The simplest form of sample preparation is protein precipitation. The resulting MRM and full-scan data obtained from this sample preparation approach is displayed in Figure 2. In this example, the alprazolam analyte peak is monitored in MRM mode, the plasma phospholipids are monitored using precursors of m/z 184, and the remaining endogenous compounds by full-scan MS. Here we can see that the analyte peak is clearly resolved from the lipid fraction and the phospholipids, which are known to cause ion suppression.

However, a careful investigation of the full-scan MS data revealed an endogenous peak eluting at the same retention time as alprazolam. This analyte had a parent mass of m/z 329. An extracted ion chromatogram of m/z 329 clearly shows that this peak coelutes with the analyte peak. This coelution could well be responsible for ion suppression, limiting the assay sensitivity, Figure 3.

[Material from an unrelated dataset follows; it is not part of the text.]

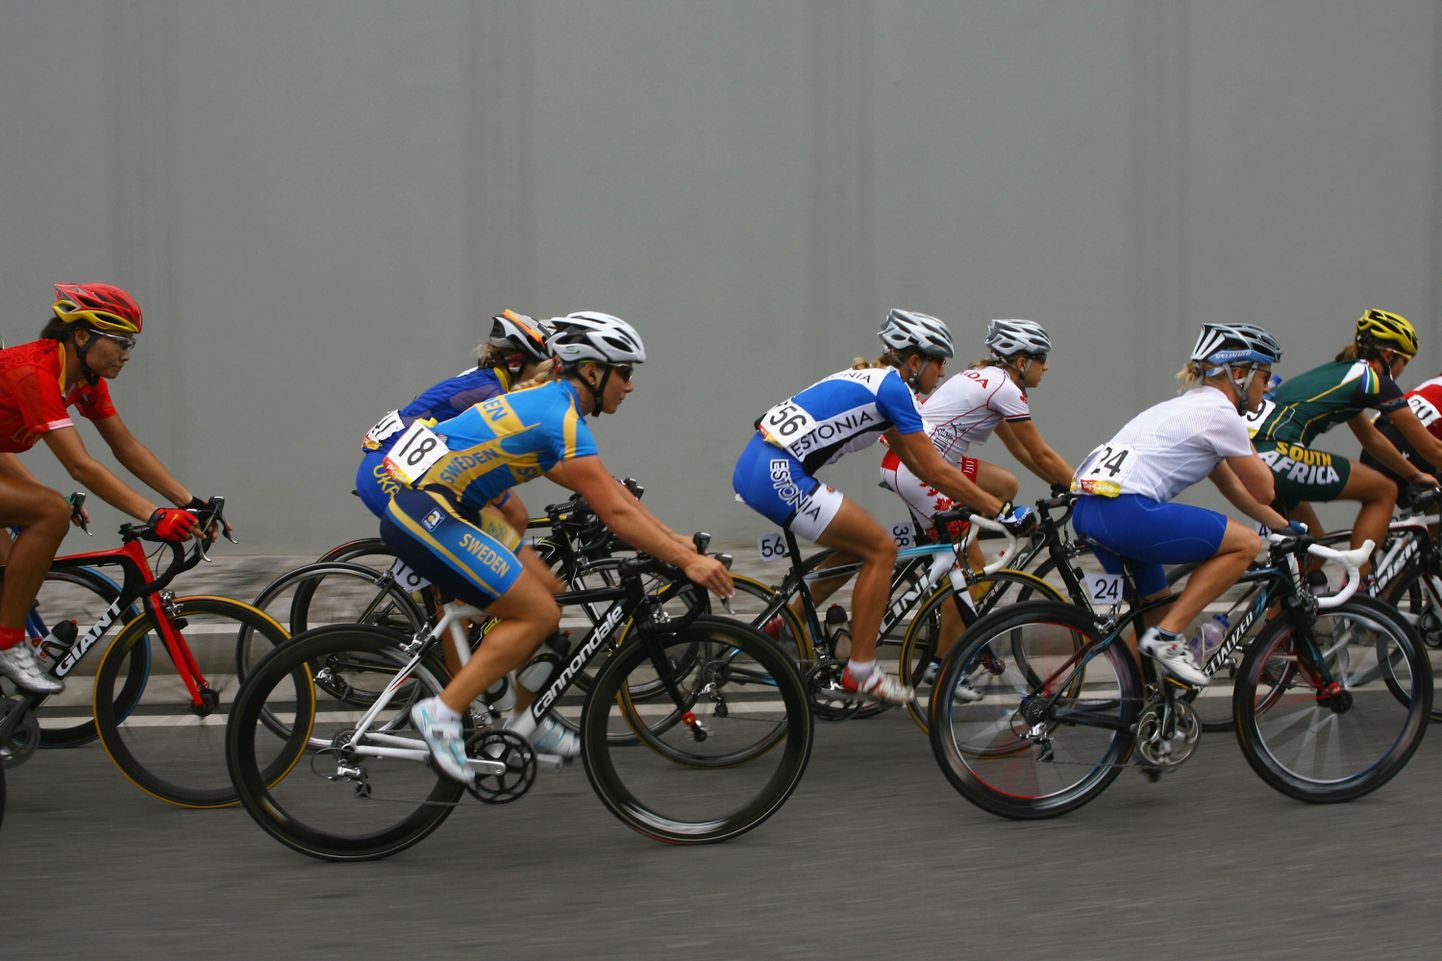 Naiste jalgrattavõistlus

To eliminate this interfering plasma peak, an SPE method was developed using Oasis MCX. The LC-MS chromatogram produced using this approach is displayed in Figure 4. In this data, we observe that the method was successful in removing the coeluting matrix component, reducing the potential for matrix effects. This improved assay allowed for a limit of detection of 5 pg/mL to be achieved.

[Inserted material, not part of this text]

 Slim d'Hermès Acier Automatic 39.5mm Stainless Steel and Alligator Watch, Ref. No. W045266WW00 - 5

To ensure the assay specificity, it is necessary to monitor drug metabolites and ensure that they are resolved from the parent drug. Metabolite detection can be achieved by the use of full-scan MS or common fragment ion detection. The novel collision cell design of the Xevo TQ MS allows for the simultaneous collection of MRM, full-scan MS, and common fragment ion data. The data displayed in Figure 5 shows the simultaneous acquisition of MRM, full-scan MS, and common fragment ion data for the analysis of alprazolam in plasma.

Using this approach, the α-hydroxy metabolite of alprazolam was clearly detected by the MRM with a retention time of 1.55 minutes. This metabolite was also detected using the common fragment m/z 281. The full-scan MS data was used to confirm the identity of the metabolite. The data in Figure 5 confirms that of the metabolite is well-resolved from the parent drug using a generic UPLC gradient, thus eliminating the possibility of an over-estimation of drug compound.

• Utilizing the Xevo TQ MS’s dual scan MRM mode allowed for the detection of coeluting analytes from the plasma matrix in a single injection, reducing time and the need for additional analytical runs during the method development process. 
• Oasis MCX was employed to effectively isolate alprazolam from interfering components in the plasma matrix. 
• Endogenous metabolite information was obtained in a single injection with dual scan MRM mode. 
• The major metabolite of alprazolam was well-resolved from the parent drug utilizing a generic UPLC gradient. 
• Dual scan MRM allows full scan data to be acquired simultaneously with MRM, which allows matrix monitoring for method development as well as discovery of non-targeted compounds. 
• The Xevo TQ MS and its dual scan MRM, used in conjunction with ACQUITY UPLC, improves productivity in bioanalytical method development.

1. Twohig M, Alden P, Fujimoto G, Kenny D, Plumb RS. Improving MS/MS Sensitivity using Xevo TQ MS with ScanWave. Waters Corporation. 2008; 720002828en.